Féroces est le titre. Oui, ils sont féroces les parents de Robert Goolrick. Tragiquement féroces. La quatrième de couv’ ne dit rien du drame qui s’est joué quand il avait quatre ans, et c’est son histoire vraie. Il l’écrit une cinquantaine d’années plus tard mais comme on ne sait rien, on ne comprend pas, malgré la virtuosité de l’écrivain, on ne comprend pas trop pourquoi il est ainsi, pétri de haine et de souffrance mais aussi dans une quête infinie d’amour impossible. Il est gravement blessé, et c’est souvent quand on est a été violé par son père tout petit. Et que sa mère a vu. Le sait. Qu’il l’a dit à sa grand-mère qui lui a enjoint de n’en jamais parler.
C’est un livre qui nous raconte une famille parfaite : sa mère est magnifique avec sa taille fine, sa minceur, son allure, sa grâce et son père est sublime aussi, leur maison est top et les réceptions qu’ils y donnent sans aucun défaut. Il connaît et sait préparer tous les cocktails de ces années glorieuses, leurs hôtes les admirent et les envient et leurs enfants sont très fiers.

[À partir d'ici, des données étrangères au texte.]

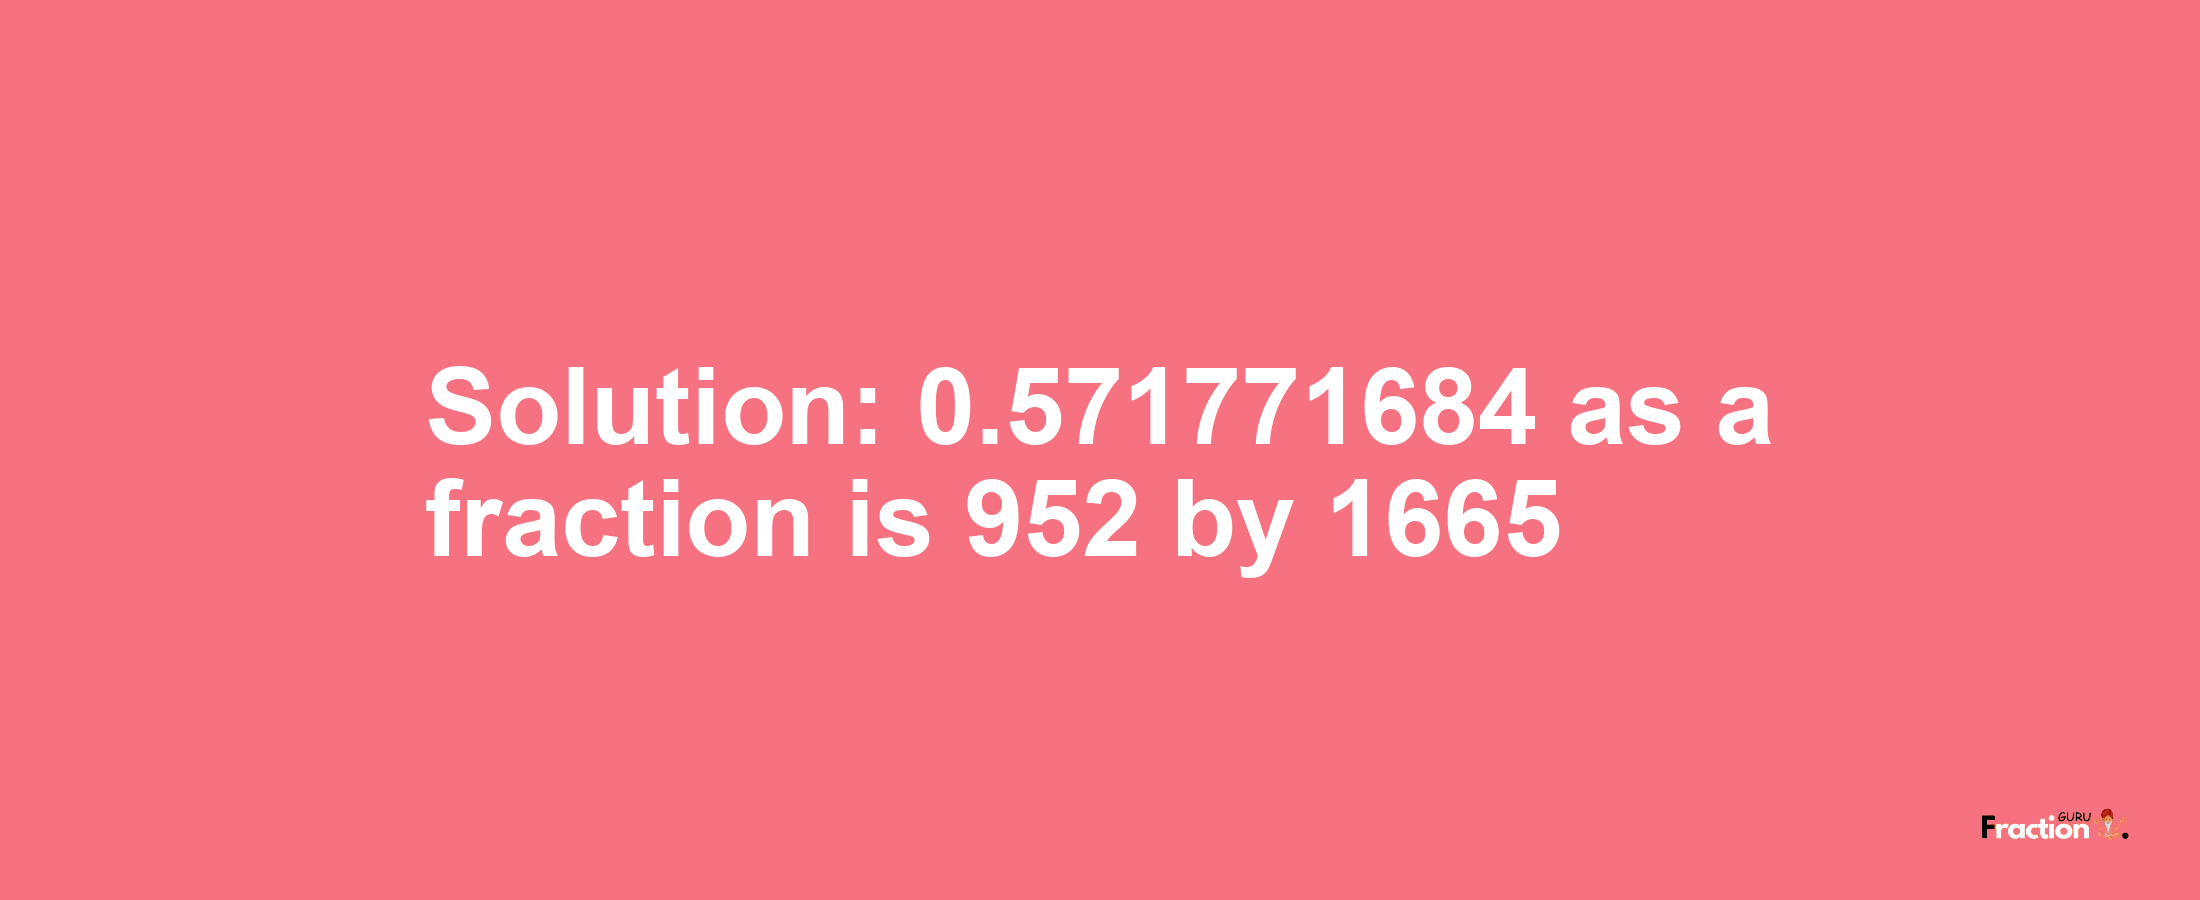 Solution:0.571771684 as a fraction is 952/1665

D’ailleurs, ce sont des enfants modèles, ils réussissent et sont promis à un bel avenir. Ça se passerait bien s’il n’y avait pas cette faute trop lourde à porter qui oblige les parents à le regarder comme s’il était un sale petit monstre. Et si les parents ne buvaient pas autant.
Le livre commence par la mort du père, pour alcoolisme, six ans après la mère pour la même raison. Et la fratrie réunie cherchant où déposer ses cendres. Avec celles de la mère, mais où se trouvent-elles exactement ?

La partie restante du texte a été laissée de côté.